Precalculates anything necessary to do fast calls for operations within the range up to n. Not necessary, but helpful with performance when doing repeated calls with increasing n.

SEE ALSO

Data::BitStream
Data::BitStream::Base
Data::BitStream::WordVec
Data::BitStream::Code::Gamma
Data::BitStream::Code::Delta
Data::BitStream::Code::Omega
Data::BitStream::Code::Levenstein
Data::BitStream::Code::EvenRodeh
Data::BitStream::Code::Additive
Data::BitStream::Code::Fibonacci
Data::BitStream::Code::Golomb
Data::BitStream::Code::Rice
Data::BitStream::Code::GammaGolomb
Data::BitStream::Code::ExponentialGolomb
Data::BitStream::Code::StartStop
Data::BitStream::Code::Baer
Data::BitStream::Code::BoldiVigna
Data::BitStream::Code::Comma
Data::BitStream::Code::Taboo
Data::BitStream::Code::ARice
Math::Prime::Util

AUTHORS

Dana Jacobsen <dana@acm.org>

ACKNOWLEDGEMENTS

Peter Elias, Peter Fenwick, and David Solomon have excellent resources on variable length coding, and Solomon especially has done a lot of work in tracking down and explaining many of the more obscure codes.

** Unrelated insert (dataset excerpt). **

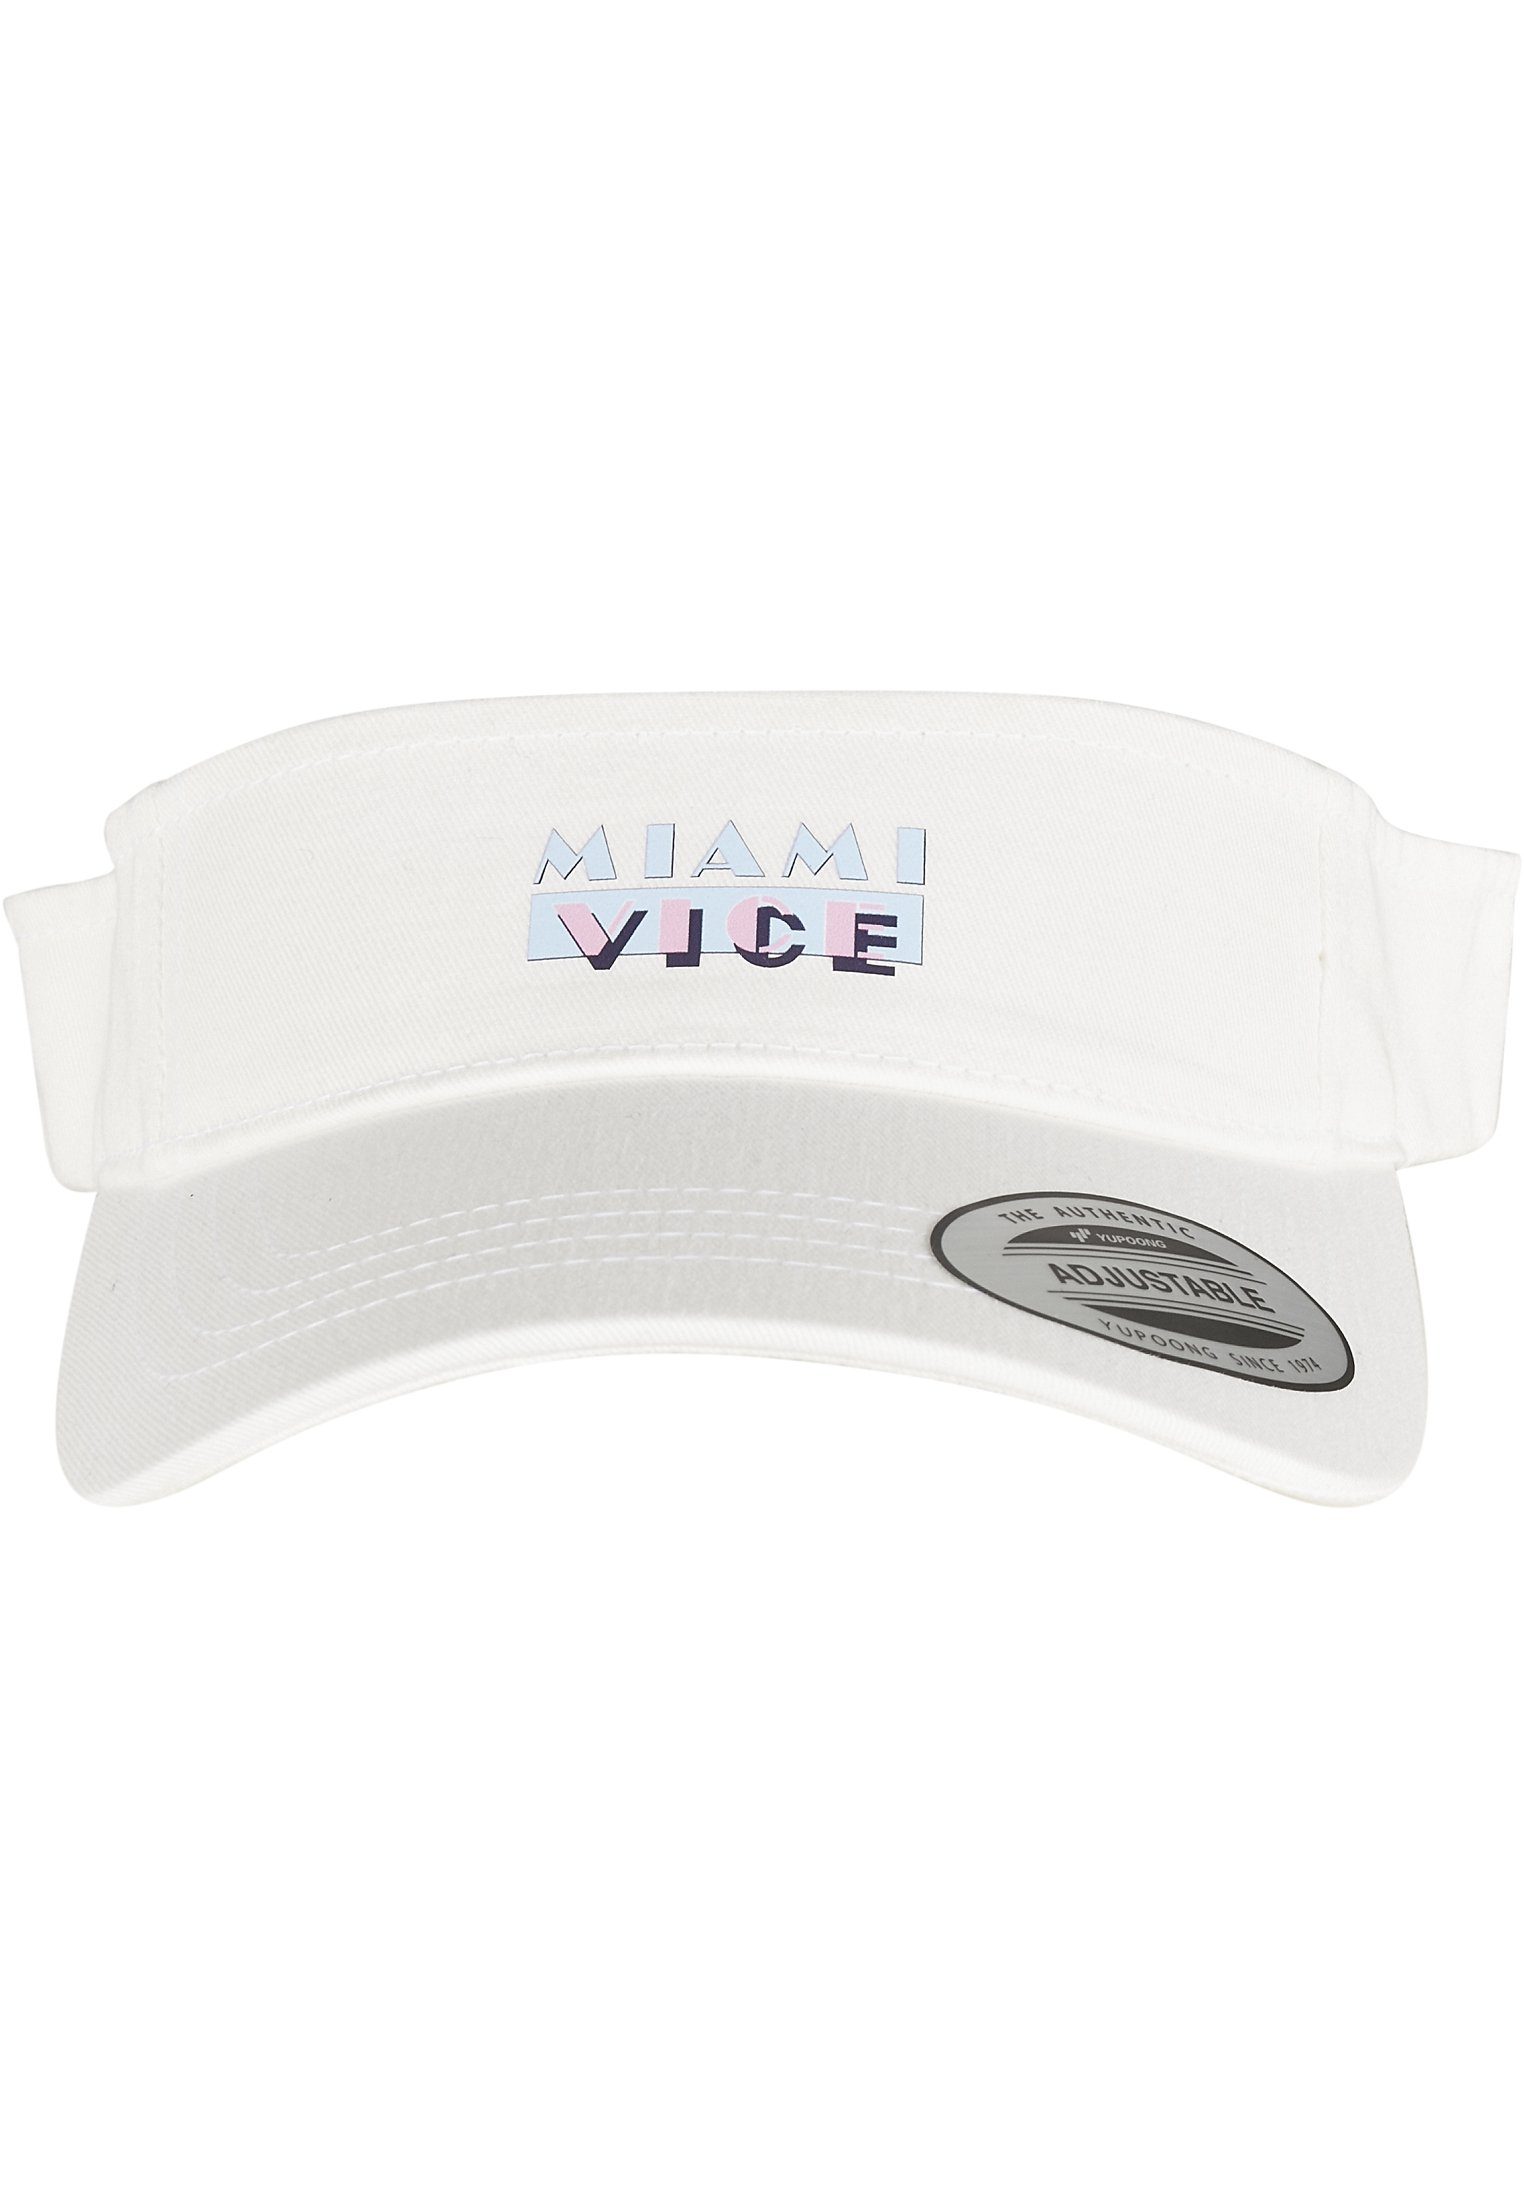 Vice Miami Logo Bucket Cap Merchcode Hat Visor Snapback Cap

For prime number work, Eratosthenes of Cyrene provided the world with his wonderfully elegant and simple algorithm for finding the primes. Terje Mathisen, A.R. Quesada, and B. Van Pelt all had useful ideas which I used in my wheel sieve.

COPYRIGHT

Copyright 2011-2014 by Dana Jacobsen <dana@acm.org>

This program is free software; you can redistribute it and/or modify it under the same terms as Perl itself.